Block 06.1: Rosneft Vietnam owns 35 percent of the project and is the project operator; The project is based on the Production Sharing Contract (PSC). The PSC area comprises two gas condensate fields – Lan Tay and Lan Do. The deposits are located 370 km off the coast in the Nam Con Son basin with a sea depth of up to 190 meters. The field's initial gas reserves are about 68 billion cubic meters. By June 2015, the block produced its 300-millionth barrel of oil equivalent (or more than 46 billion cubic meters of gas). In 2015, the gas produced in Block 06.1 provided about 12 percent of the energy needs in Vietnam.

Block 05.3/11: Rosneft Vietnam B.V. owns 100 percent of the project and is the project operator. The license area is located in the region with proven oil and gas content and infrastructure, and is adjacent to fields under development in Block 06.1. The resources of block 05.3/11 are currently estimated at about 40 billion cubic meters of gas and nine million tons of gas condensate.

Rosneft also owns 32.67 percent of the Nam Con Son pipeline, which delivers gas and condensate from the offshore blocks of the Nam Con Son basin to the onshore power generation complex, which creates potential synergies when commercial reserves in Block 05.3/11 are discovered.

Commenting on the drilling start, Rosneft Chairman of the Management Board, Igor Sechin said: “Rosneft team has already demonstrated their competence in Russia during the successful drilling of the world's northernmost well in the Kara Sea, which resulted in the discovery of a new deposit, the Pobeda field. Today, the company starts a similar project as a drilling operator in international waters.

“I am sure that the experience gained in Vietnam will be used by the company not only in its activity in the southern seas; these competences will find application in planning and implementation of upstream projects in remote areas. I would especially like to emphasize that this project is an example of advanced cooperation with the company's partners in the Asia-Pacific: Petrovietnam and ONGC. We appreciate not only the current progress of joint projects implementation in Vietnam, but also the future prospects for their development.”
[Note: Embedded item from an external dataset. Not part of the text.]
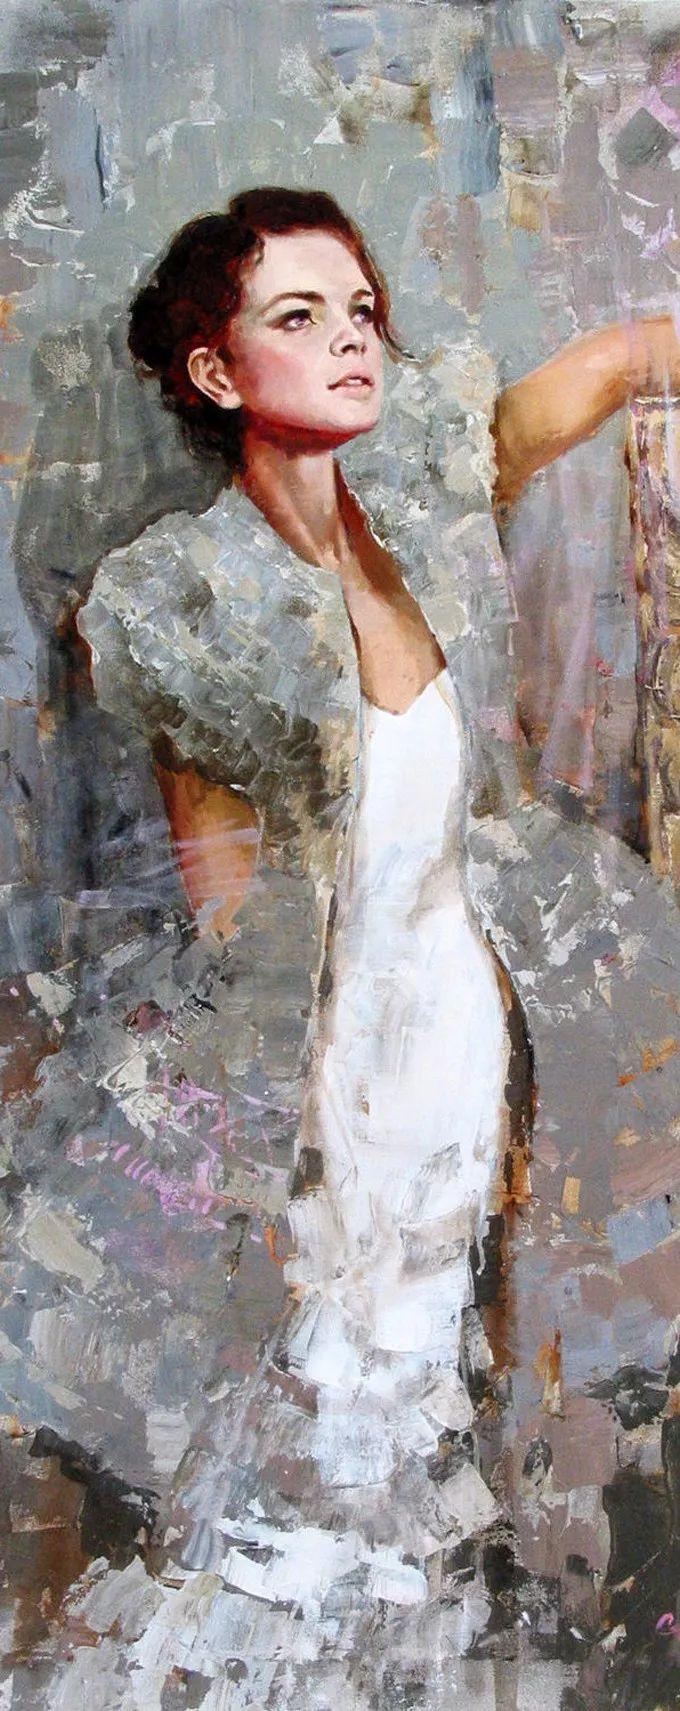 她的油画里,有一种惊艳脱俗的美!插图77
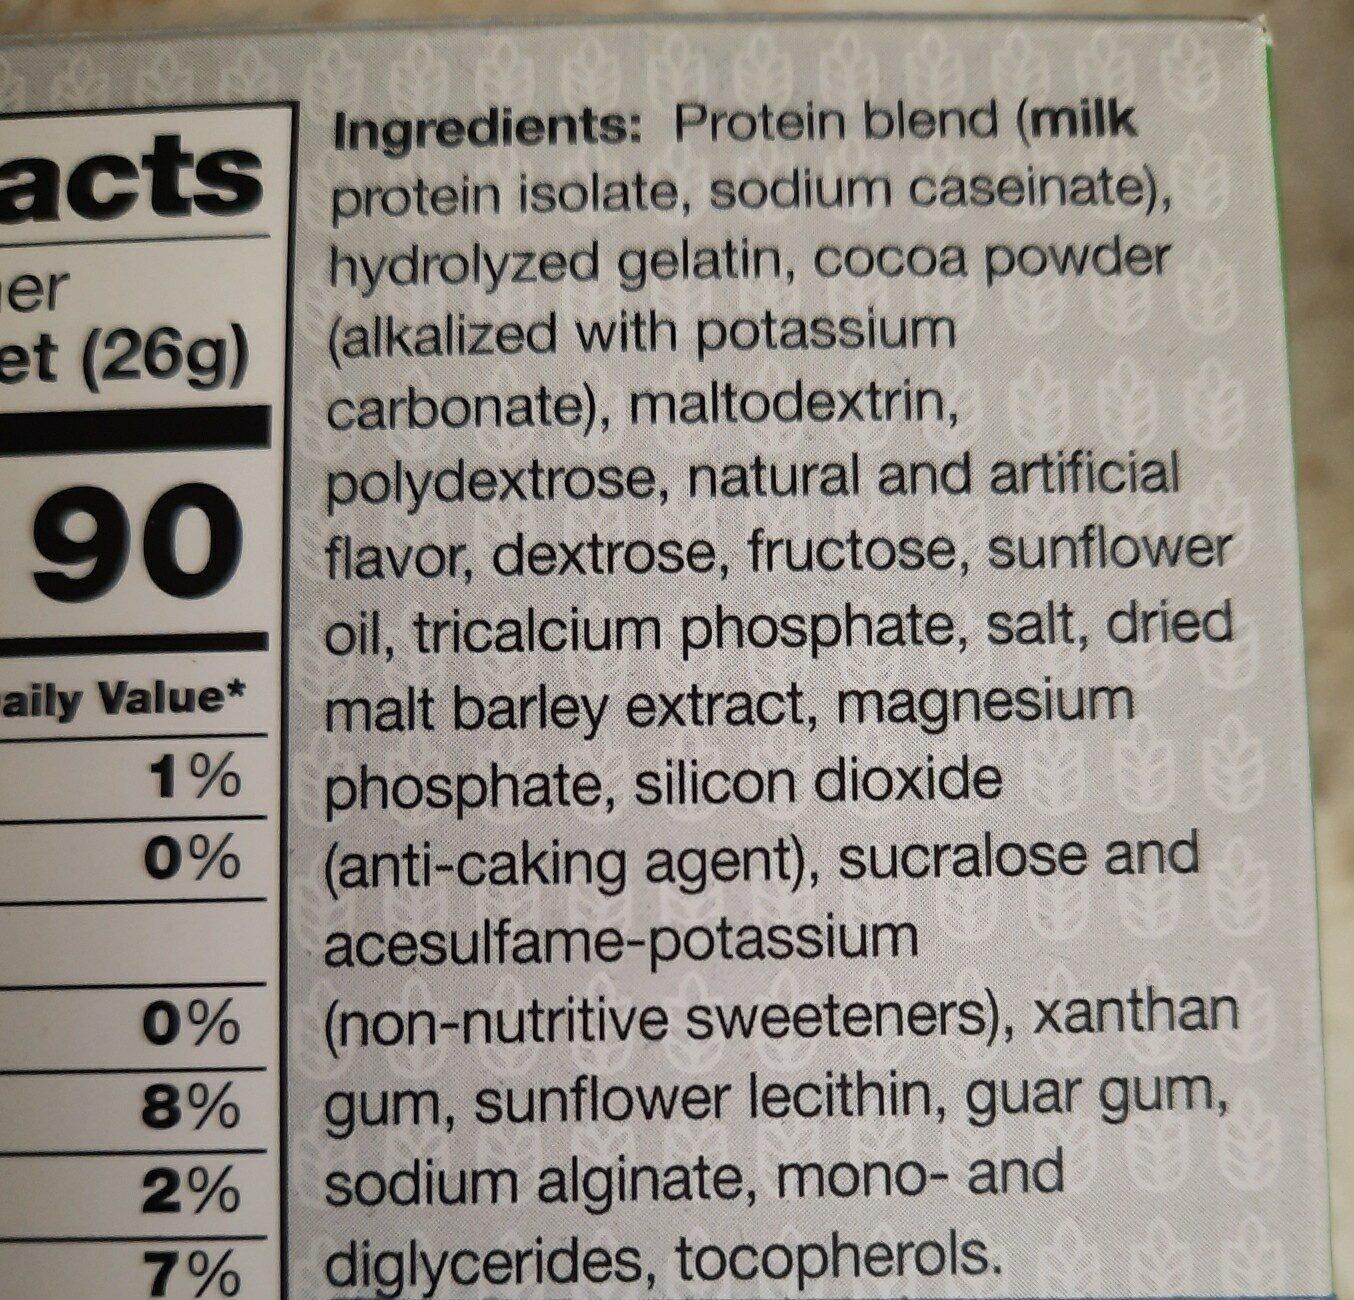 MRC HOT COCOA - Ingredients - en

Vietnam Emerging as Important Producer

Over the past few decades Vietnam has emerged as an important oil and natural gas producer in Southeast Asia. Vietnam has boosted exploration activities, allowed for greater foreign company investment and cooperation in the oil and gas sectors and introduced market reforms to support the energy industry. These measures have helped to increase oil and gas production. Also, the country’s rapid economic growth, industrialization and export market expansion have spurred domestic energy consumption over the past decade.

Vietnam held 24.7 trillion cubic feet (Tcf) of proved natural gas reserves at the end of 2015, up from 6.8 Tcf in 2011, according to OGJ. Half of these reserves are located in the northern deepwater areas of the Song Hong basin and have high carbon dioxide contents, making the production investment costly. Major new developments are expected from ExxonMobil’s CaVoi Xanh field and the overlapping basin with Malaysia. However, low natural gas prices and the lack of gas infrastructure outside of the southern part of the country are impediments to upstream investment.

Vietnam produced 376 billion cubic feet (Bcf) of marketed natural gas in 2015, up nearly five percent from 2014 levels, all of which was domestically consumed. The country is still self-sufficient in natural gas, but PetroVietnam predicts a growing supply gap characterized by demand surpassing supply, particularly in the power sector in southern Vietnam.

The Vietnamese government plans to import LNG in the southern part of the country to help satisfy the growing demand for gas especially in the power sector. PetroVietnam Gas, a subsidiary of PetroVietnam, is developing the 48 Bcf/y-Thi Vai LNG terminal in the Vung Tau province in southern Vietnam, which is expected to be operational in 2018. A second terminal, Son My LNG, with 86 Bcf/y of capacity, is also proposed to come online in 2020. Subsequent phases are planned for the early 2020s.